The outline of algorithm 1 has been posted by Piotr Wyderski on the usenet group pl.comp.lang.c, I merely implemented it. The main idea is to perform in parallel divisions & modulo by 108 (for 64-bit numbers), then 104, 102 and finally 101.
I've developed the algorithm 2, converting just a single 8-digit number. First division & modulo by 108 is performed, and an input vector is formed [abcd, abcd, abcd, abcd, efgh, efgh, efgh, efgh]. Then this vector is divided by vector [103, 102, 101, 100, 103, 102, 101, 100] yielding vector [a, ab, abc, abcd, e, ef, efg, efgh]. Obtaining an 8 digits result from this vector requires some shuffling, multiply by 10 and a subtract.
SSE doesn't provide an integer division, but division by a constant can be achieved using multiplication. This is well known and widespread technique, see for example Division by Invariant Integers using Multiplication by Torbjörn Granlund & Peter L. Montgomery, it's also described in Hackers Delight and Reciprocal Multiplication.

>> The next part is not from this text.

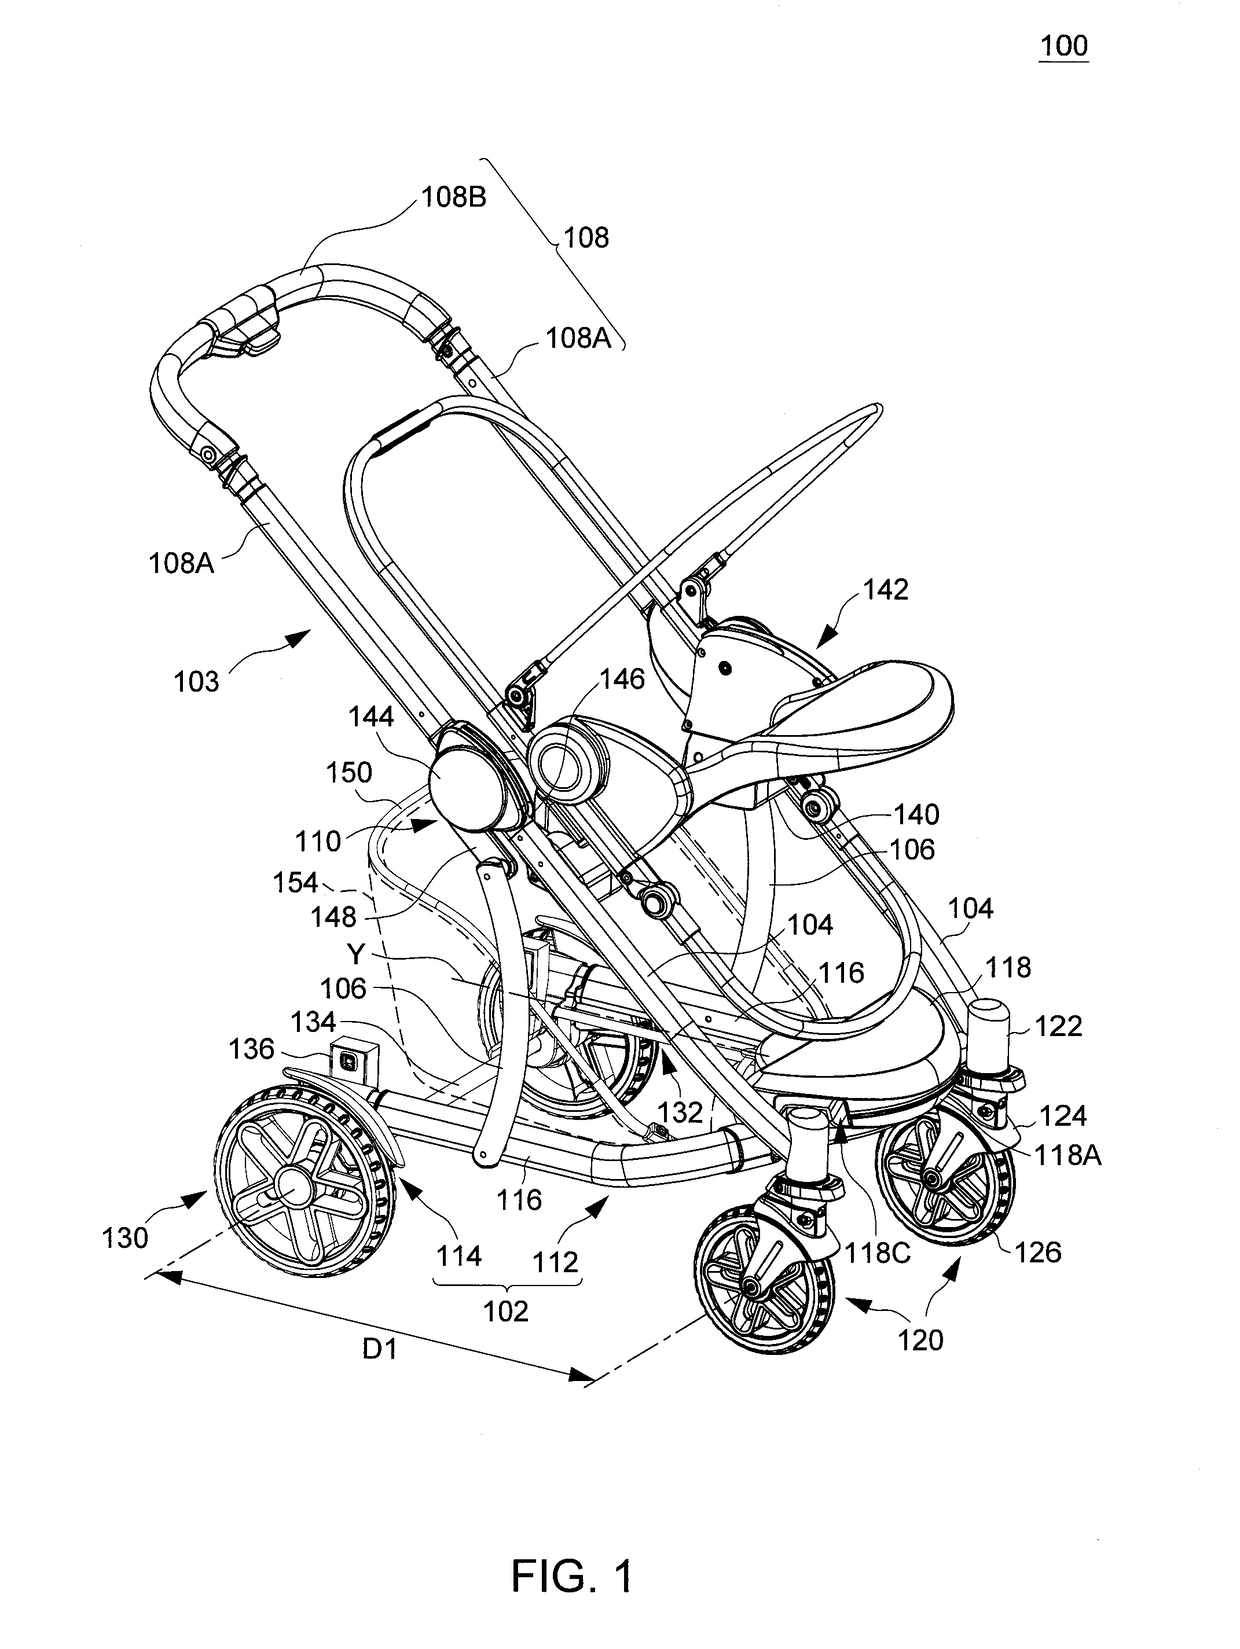 Child Stroller Apparatus Having An Expandable Frame

The division algorithm follows scheme:
k := 10^n div := (x * MC) >> shift mod := x - div * k
There are two multiplication, one subtract and (sometimes optional) one right shift. The constant MC is calculated with following formula:
MC := (2^d - k + correction)/k shift := d
Where d >= word bits and word bits = {8, 16, 32, 64, ...}. The value of correction depends on divisor and number of bits, please check one of the notes source for details.
Instruction pmulhuw does in parallel (word_x[i] * word_y[i]) >> 16.
If one component has form 1 << n[i] (n[i] = 0 .. 15), then the result of the instruction is word_x[i] >> (16 - n[i]), i.e. a word shifted right by specified amount from 1 to 16. This is used in algorithm 2.
(Likewise pmullw can be used to perform shifts left.)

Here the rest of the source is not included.